Судя по плакатам, все самураи – маленькие, очень желтые, с большими зубами, с усиками и в очках. Непременно в очках. И еще у них такие белые гетры на пуговичках, до колен. До чего противный народ, всё воюют и воюют – и всегда нападают первыми. Агрессоры несчастные! Хоть бы Дядясаша дал им там хорошенько, чтоб неповадно было… А вообще очень странно: почему японцы до сих пор не сделали у себя революции? Тогда у них тоже была бы Советская власть и никто не посылал бы их на войну…
Таня припомнила вдруг последствия выбитого в дворницкой стекла и опять вздохнула, на этот раз горько. Хорошо бы уехать в Японию, делать там пролетарскую революцию. Там по крайней мере никто не станет поднимать шума из-за всякого пустяка. Подумаешь – одно несчастное стекло… ну, правда, оно было только что вставлено, и дворничиха кричала, что камень разбил еще что-то в самой комнате, но это уж наверняка враки. Не может быть, чтобы такая удача – одним камнем… Нет, надо ехать в Японию, здесь делать уже нечего.
…И вот она отказывается надеть повязку и поворачивается лицом к солдатам, и стоит гордая и красивая. Самурай взмахивает саблей, солдаты прицеливаются. Она говорит твердым голосом: "Товарищи солдаты, расстреливайте меня, но не стреляйте в своих братьев – японских рабочих! Да здравствует мировая ре…" Залп – и она падает у подножия стены, и это в тот самый момент, подумайте, когда восставшие врываются в ворота тюрьмы, чтобы ее освободить.

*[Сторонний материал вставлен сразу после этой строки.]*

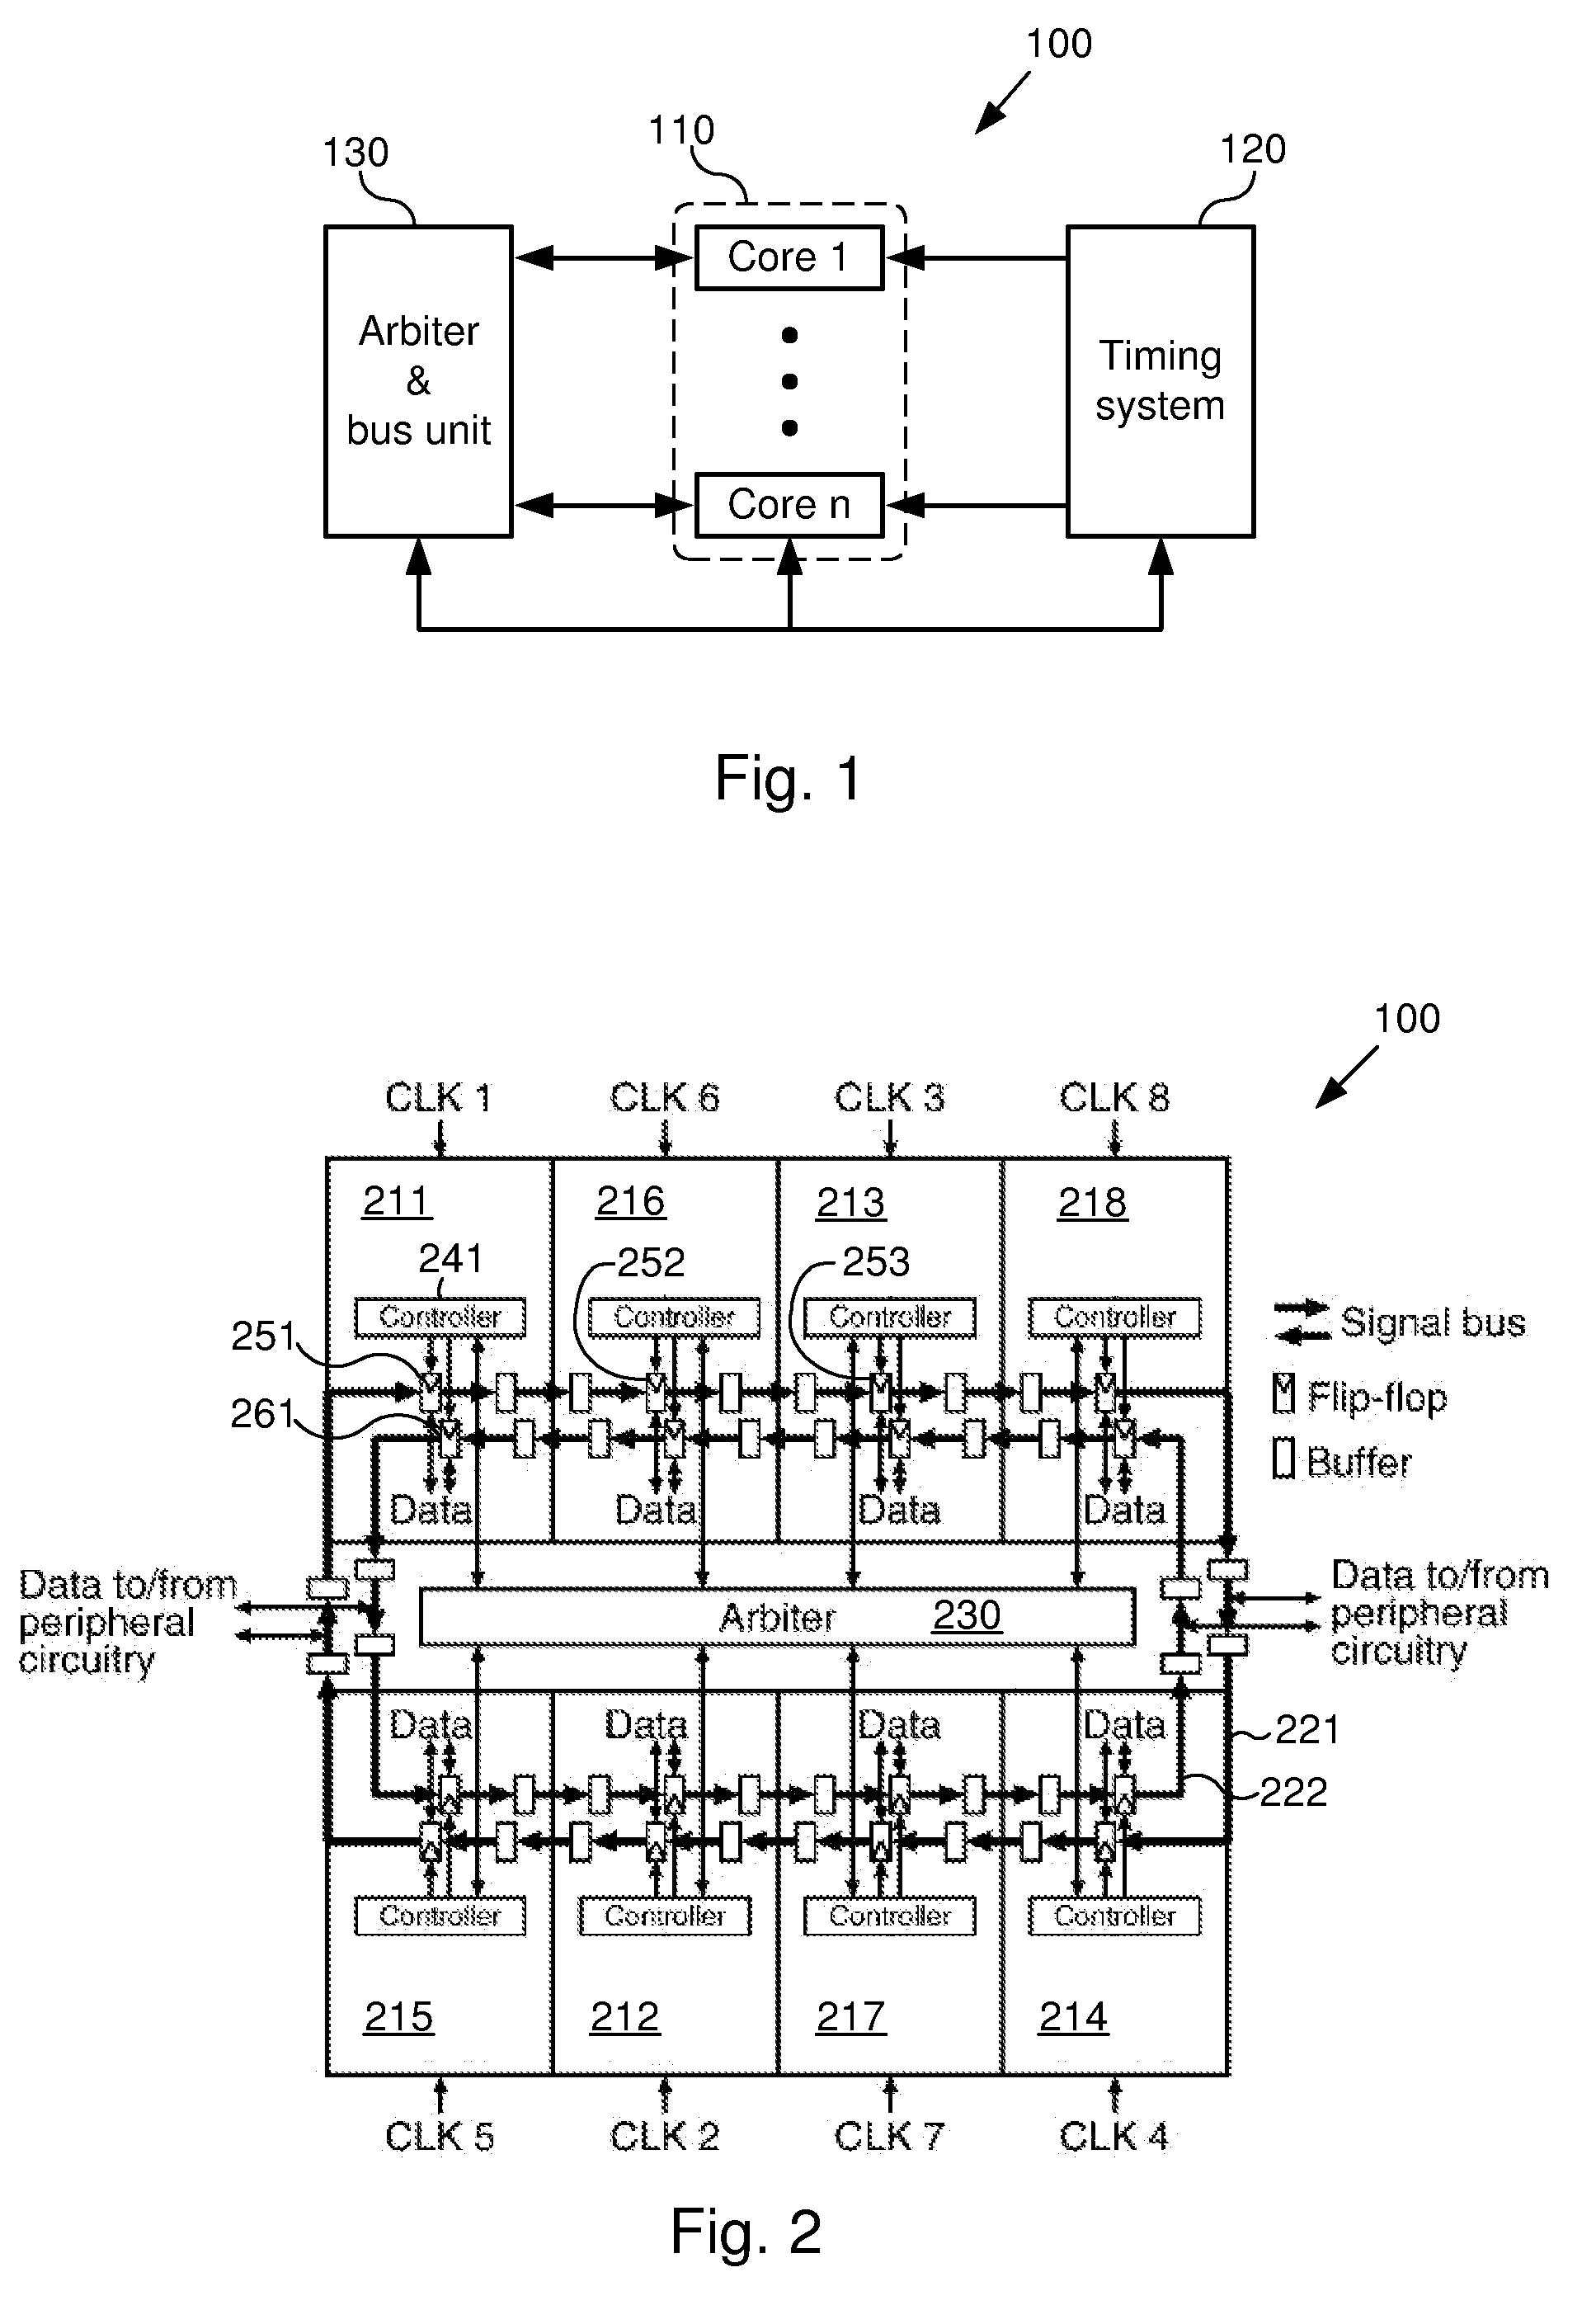 Multiphase Clocking Systems with Ring Bus Architecture

И потом – слава! Ее именем называют главную площадь в Токио, улицу в Москве, 46-ю среднюю школу в Энске. На доме комсостава вешают мемориальную доску: "Героиня японской революции Татьяна Викторовна Николаева жила в этом доме с 1936 по такой-то год". И на церемонии открытия доски присутствуют все ее одноклассники, Галина Николаевна, дворник, официальные лица… заплаканная мать-командирша стоит рядом с Дядесашей и думает: "Я применяла к ней неправильные, устаревшие методы воспитания и не знала, что в ней жила такая героическая душа".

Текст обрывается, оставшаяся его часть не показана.